#### Materials provided
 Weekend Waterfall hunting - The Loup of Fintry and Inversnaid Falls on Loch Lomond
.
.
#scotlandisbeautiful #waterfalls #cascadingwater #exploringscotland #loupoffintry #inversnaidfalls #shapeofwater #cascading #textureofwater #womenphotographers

...

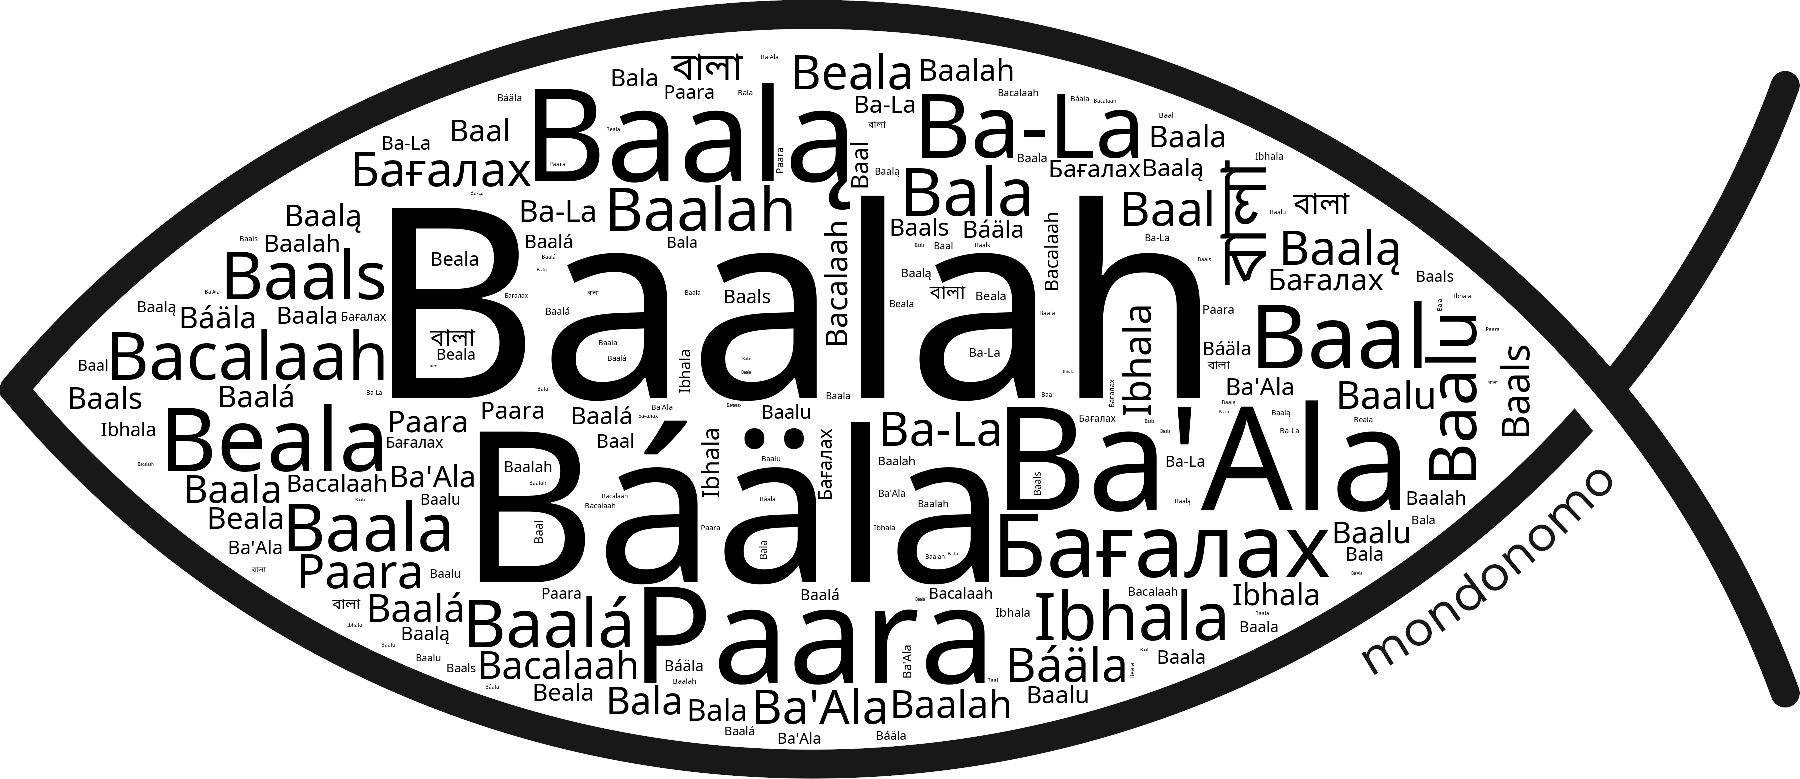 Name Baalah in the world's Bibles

...

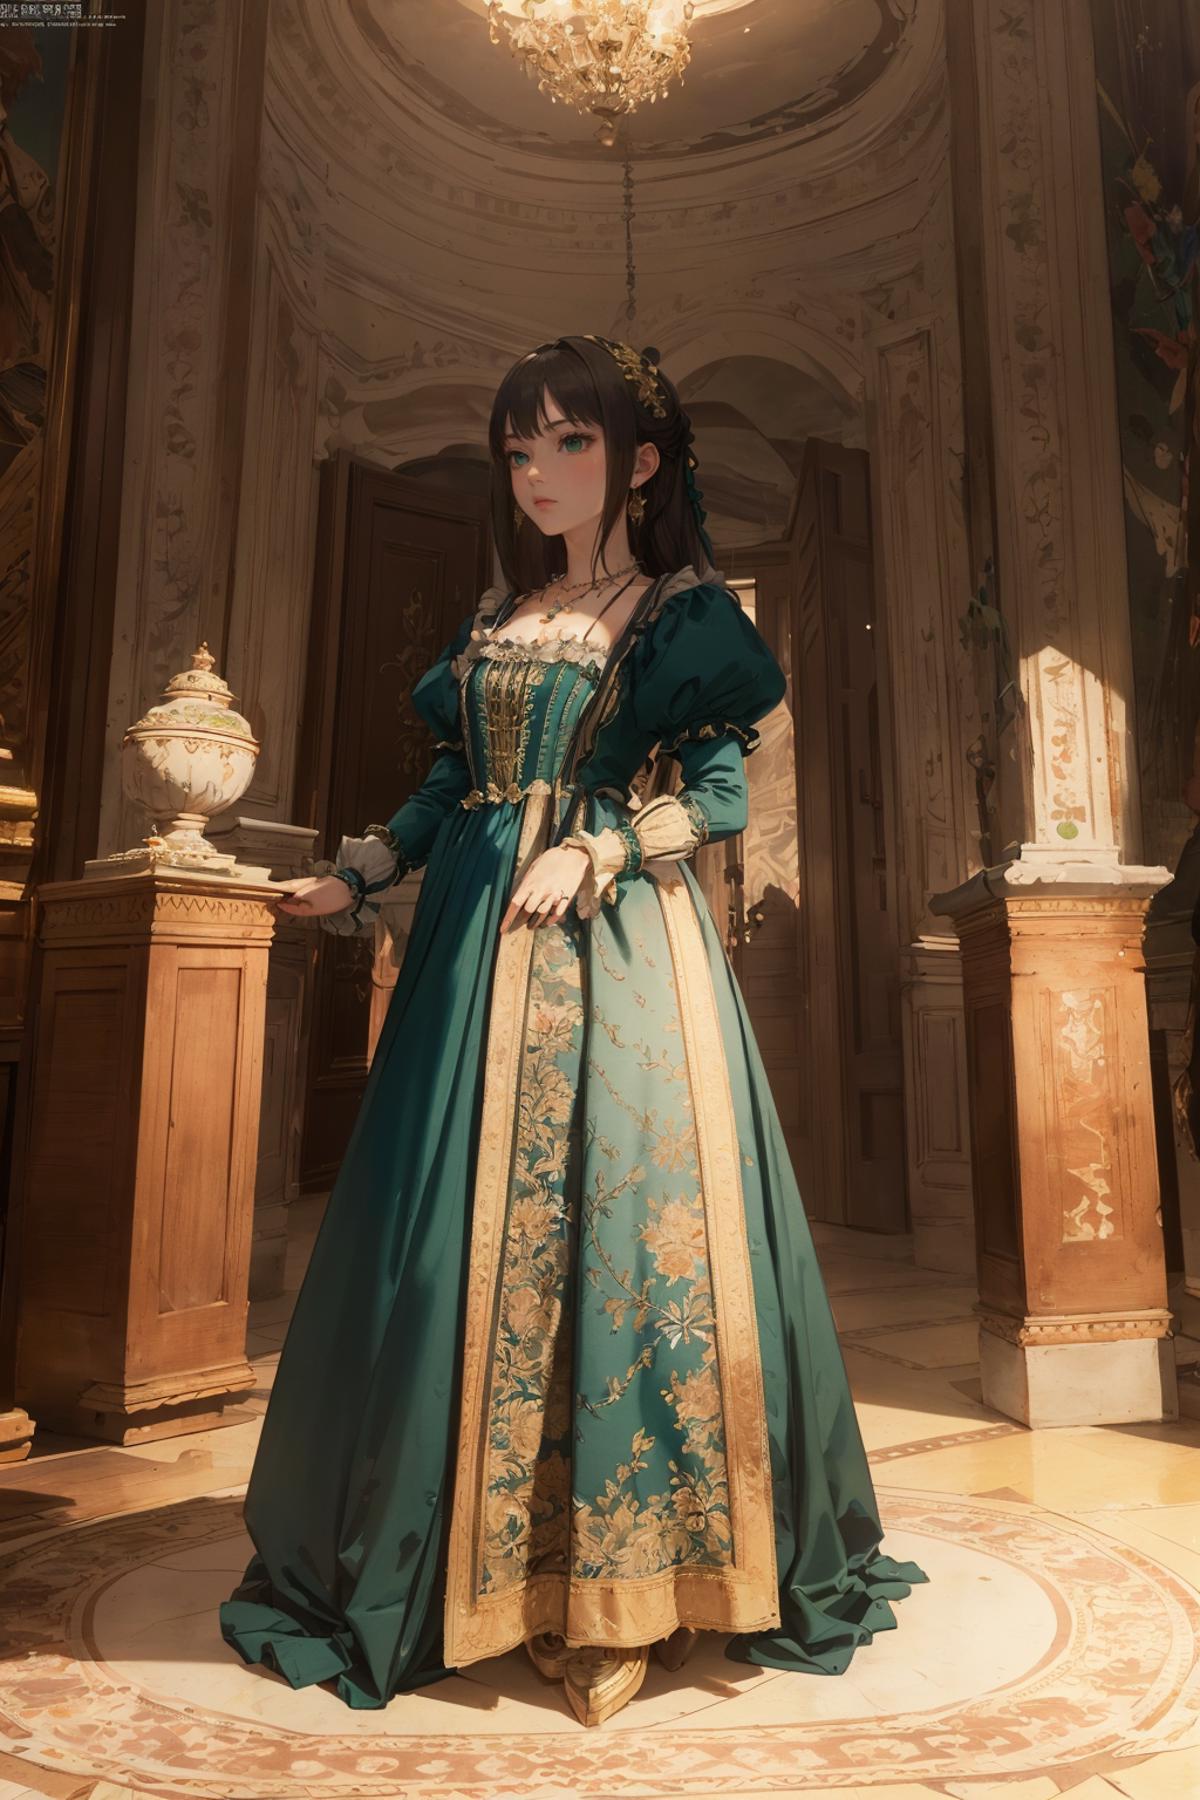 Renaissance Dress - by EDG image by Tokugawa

#### Exercise goal
The listing above holds a line with "Weekend Waterfall hunting" and a line with "#scotlandisbeautiful #waterfalls #cascadingwater". Print the stretch from the first through the second, exactly and alone.

#### Task response
 Weekend Waterfall hunting - The Loup of Fintry and Inversnaid Falls on Loch Lomond
.
.
#scotlandisbeautiful #waterfalls #cascadingwater #exploringscotland #loupoffintry #inversnaidfalls #shapeofwater #cascading #textureofwater #womenphotographers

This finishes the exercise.